The per-request system messages use "Say exactly:" phrasing to prevent the model from rewording the question.

Repeated Tool Calls Need Contextual Messaging

MCP servers may require multiple searches to gather complete information. Each search triggers a separate approval if require_approval="always". Rather than asking the identical question each time, this quickstart tracks the call count per server:

  • First call: "I'd like to search the azure_doc service. Do you approve?"
  • Subsequent calls: "I need one more search for complete information. Should I continue?"
  • After 3 approved calls: Auto-denied to prevent infinite loops — the model responds with what it has

The counter resets when results are fully delivered or the user denies a request.

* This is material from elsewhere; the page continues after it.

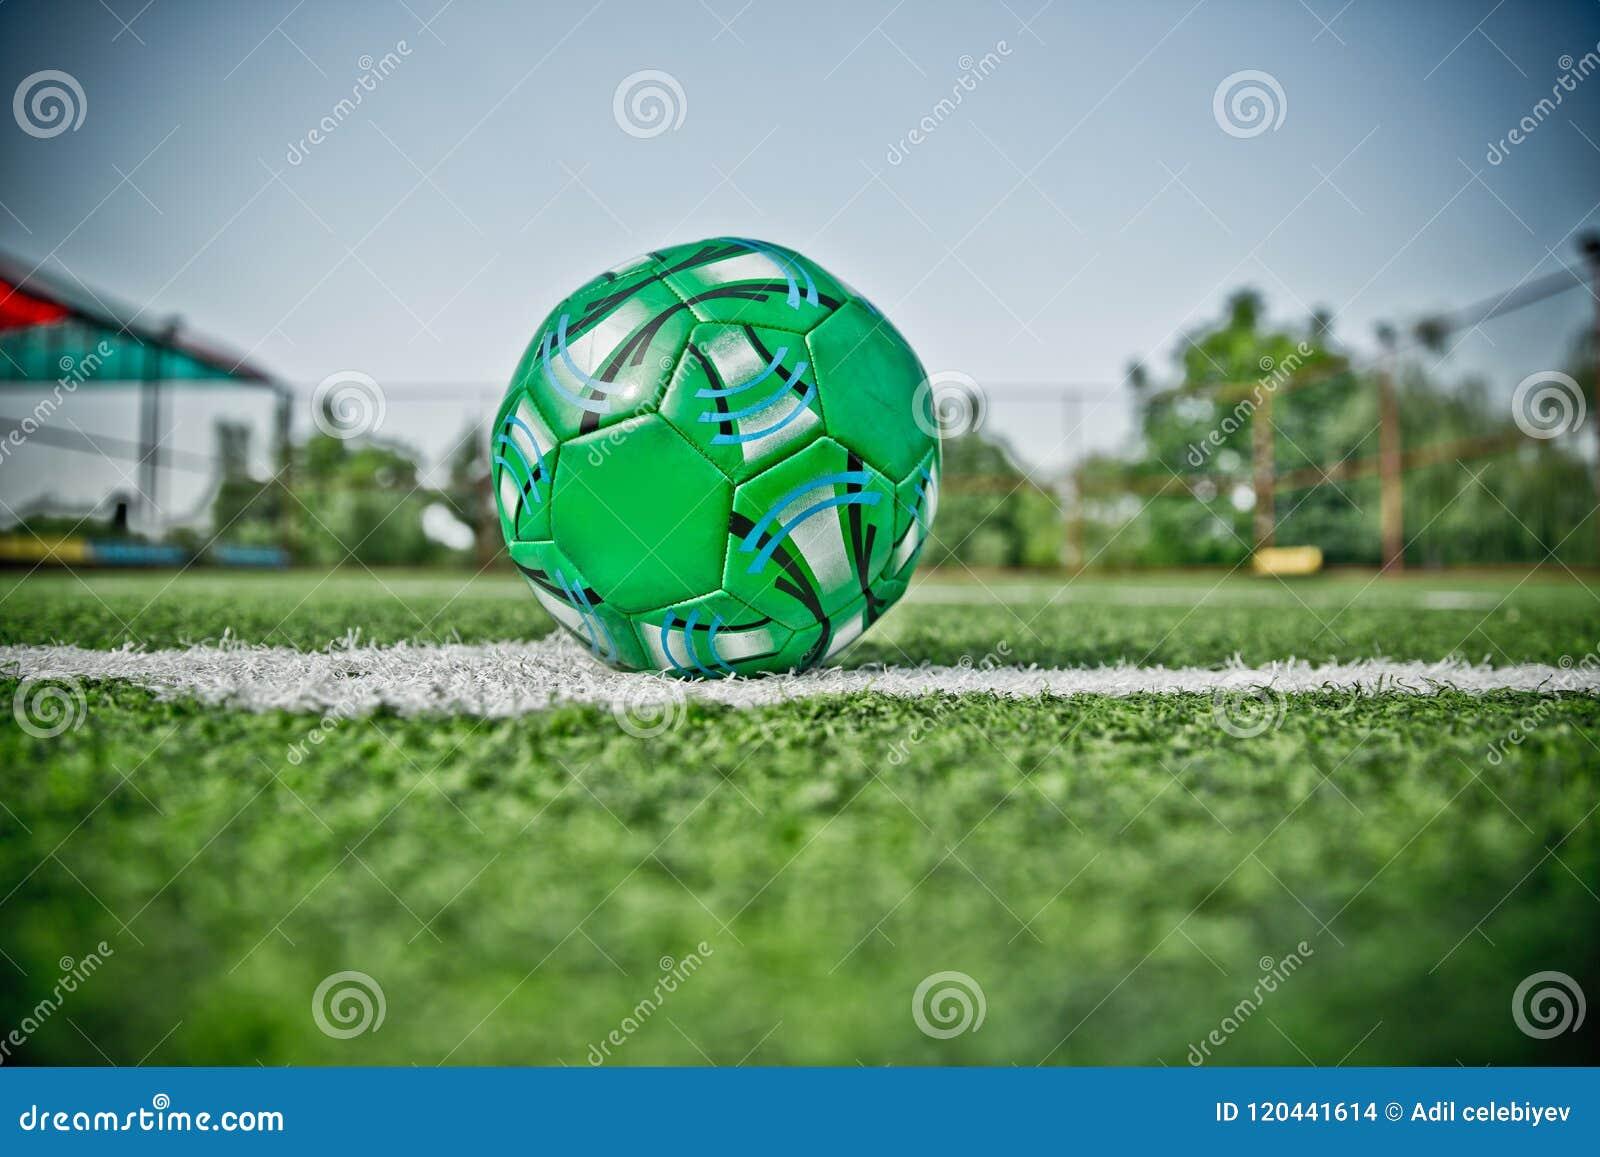 Het Kunstmatige Gras van Mini Football Goal On An Binnen van binnenvoetbalgebied Minivoetbalbal hdr foto
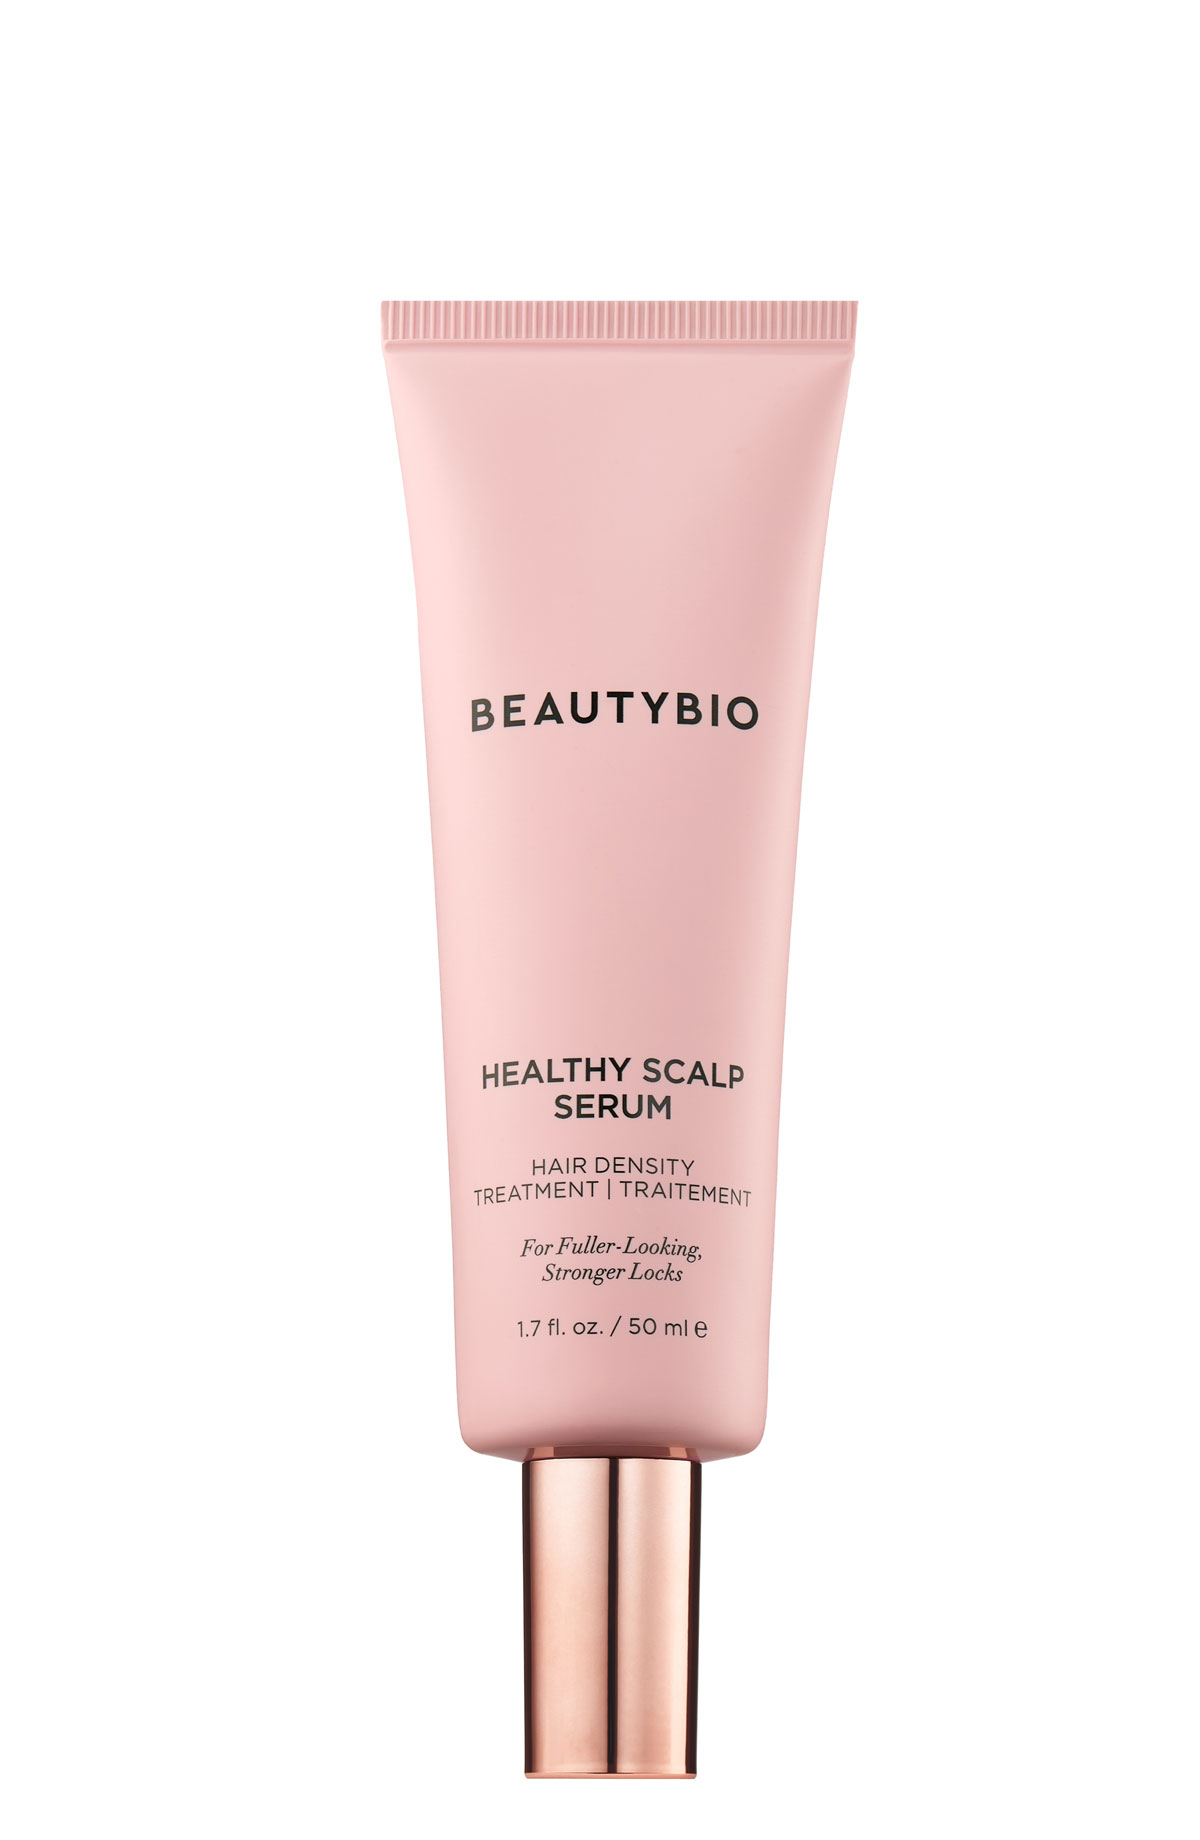 1.7 oz. Healthy Scalp Serum Hair Density Treatment

Silence During Tool Calls Must Be Filled

MCP tool calls can take 3–60+ seconds. Without feedback, the user thinks the assistant is broken. This quickstart uses three complementary layers to keep the user informed throughout:

  1. Tool announcements (immediate, client-side): For auto-approved servers, the assistant says "Let me look that up" when the call starts. Skipped for approval-required servers since the approval prompt already communicates. This covers the first few seconds.

  2. Interim response (server-side, non-realtime models only): LlmInterimResponseConfig with TOOL and LATENCY triggers lets the service generate natural filler speech while tools run. Automatically skipped for gpt-realtime (not supported on the realtime pipeline). This fills the gap between the initial announcement and the stall timer.

  3. Stall detection (client-side, repeating timer): If a tool call runs longer than expected, the assistant proactively tells the user it's still waiting. This quickstart uses a 10-second interval with a maximum of 3 notifications — tune these values based on your expected MCP server latency:

    • Fast servers (< 5s): Stall timer rarely fires. Consider increasing the interval or reducing max notifications.
    • Medium servers (5–15s): The default 10s/3-max works well. The first notification arrives before most users lose patience.
    • Slow servers (15–60s+): Consider shorter intervals (e.g. 8s) or more notifications (e.g. 5) to keep the user engaged. However, note that MCP calls cannot be cancelled — the notifications are status updates, not actionable options.

Together, these three layers ensure continuous feedback: the announcement handles seconds 0–5, interim response (when available) fills 2–10s, and the stall timer covers 10s+ with periodic reassurance.

Batched Response After Tool Completion

When the model makes multiple MCP calls in a single turn (common with search-heavy servers), this quickstart waits for all calls to complete before generating a response. This prevents partial results from being spoken prematurely and avoids the model making additional tool calls based on incomplete data.

For approval-required servers, once the user approves the first call, subsequent calls to the same server within the same turn are auto-approved — avoiding repeated voice prompts for what is logically a single task.

Barge-In During MCP Calls

Users will naturally try to interrupt or ask "Are you still there?" during long tool calls. Rather than ignoring this, the quickstart injects a system message so the model can acknowledge the user and respond to what they said. If the original MCP call completes later, its result is introduced as a late result (e.g. "By the way, those results from earlier just came in..."). Note: since MCP calls cannot be cancelled, the call continues running in the background regardless of what the user says.

Response Collision Handling

MCP flows generate rapid event sequences where response.create calls can collide with active responses. This quickstart defers collisions to the next RESPONSE_DONE event via a flag, ensuring tool results and approval prompts are never silently dropped.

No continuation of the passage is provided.